Qualitative visualization: the prediction of our proposed model in comparison with the VAE-only model. The VAE-only model generates blurry and unrealistic images (video clip 3b and Fig. 3c). In contrast, the proposed method generates images that are visually indistinguishable from real images (video clip 3e and Fig. 3f). Click the image to play the video clip (see supplementary material).

Fig. 4.
figure 4

Detailed comparison between the proposed and VAE+GAN techniques. From the LPIPS, MSE, PSNR and SSIM point of views, the proposed technique exceeds its counterpart.

Figure 4 shows a more detailed comparison between the proposed and VAE+GAN techniques. In this figure, the average LPIPS, MSE, PSNR and SSIM metrics are plotted against the time step. As illustrated, all four metrics are improved when the proposed technique is employed. This happens since the proposed technique conditions the latent space of the VAE through the use of the appearance of ED and ES frames. Apart from what technique is used to predict the future frames, we expect to see the performance to degrade as the time step is increased. This phenomenon applies to the proposed technique too; however, the rate of performance degradation is slower compared to that of its counterpart.

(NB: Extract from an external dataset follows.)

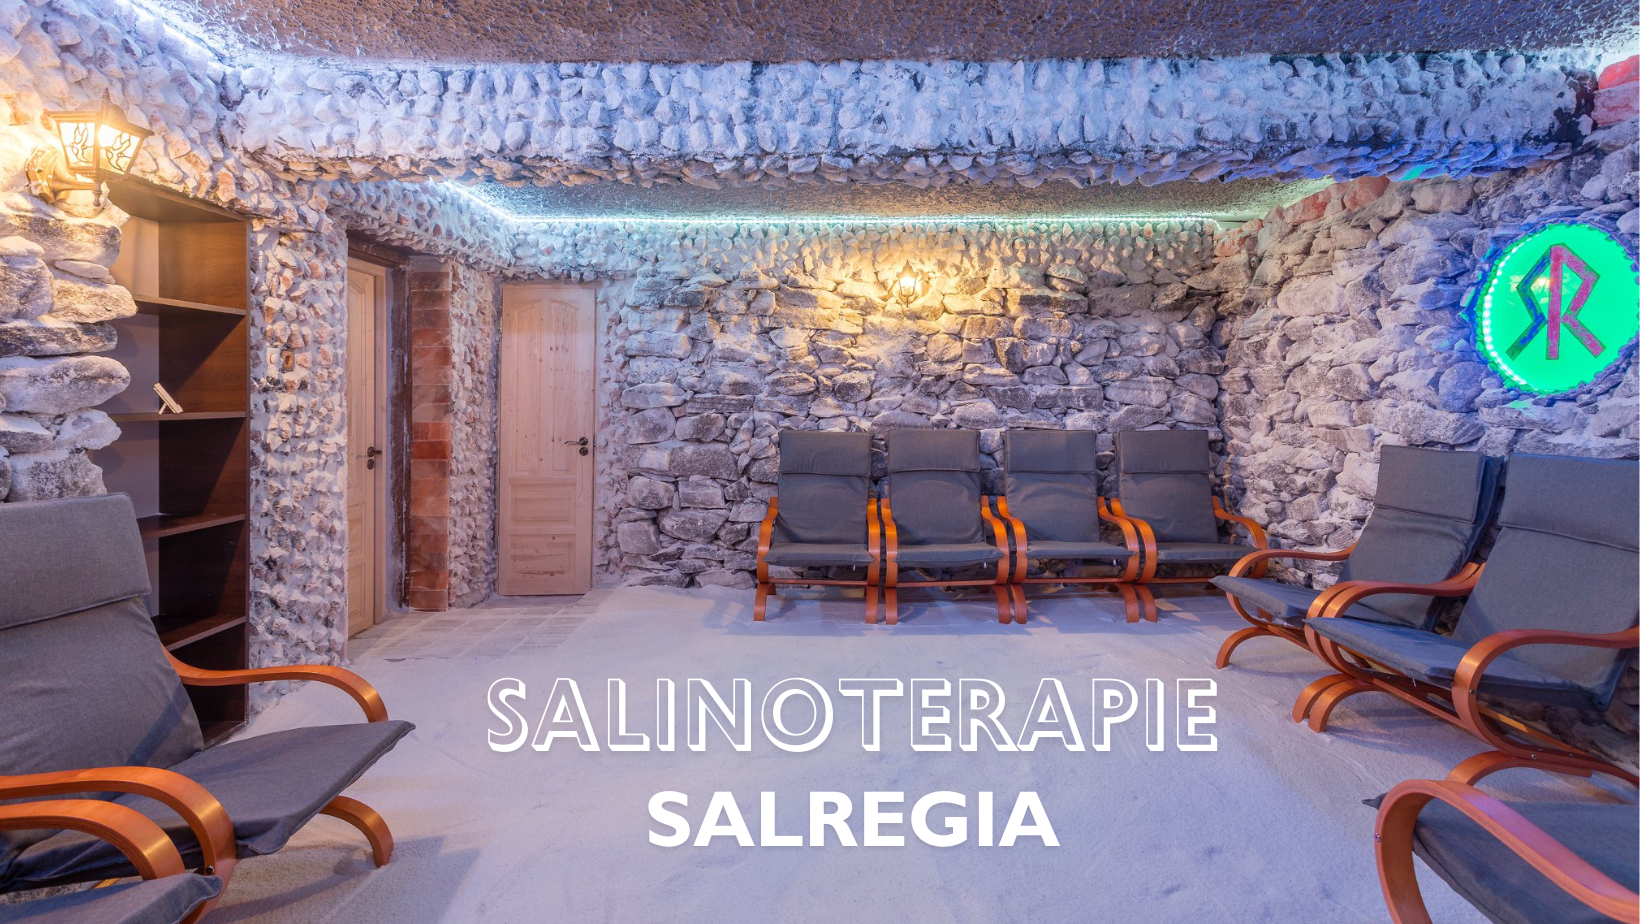 SalRegia – salinoterapie și relaxare în București

4 Conclusion and Future Works

In this paper, we proposed a new frame rate up-conversion technique for echocardiography. The proposed technique takes advantage of both VAE and GAN, and produces realistic frames at a high frame rate that can be used to augment conventional imaging. The proposed technique is robust to variations in heart rate since its latent space not only uses immediate previous frames, but it also takes into account the appearance of end-diastolic and end-systolic frames in its estimation. Our results show that the proposed technique can increase the frame rate by at least 5 times without any requirement for limiting the imaging field of view. Our comparison to state-of-the-art using a large patient dataset shows that the proposed approach can reconstruct rapid events in echo, such as the motion of valves, at high temporal resolution.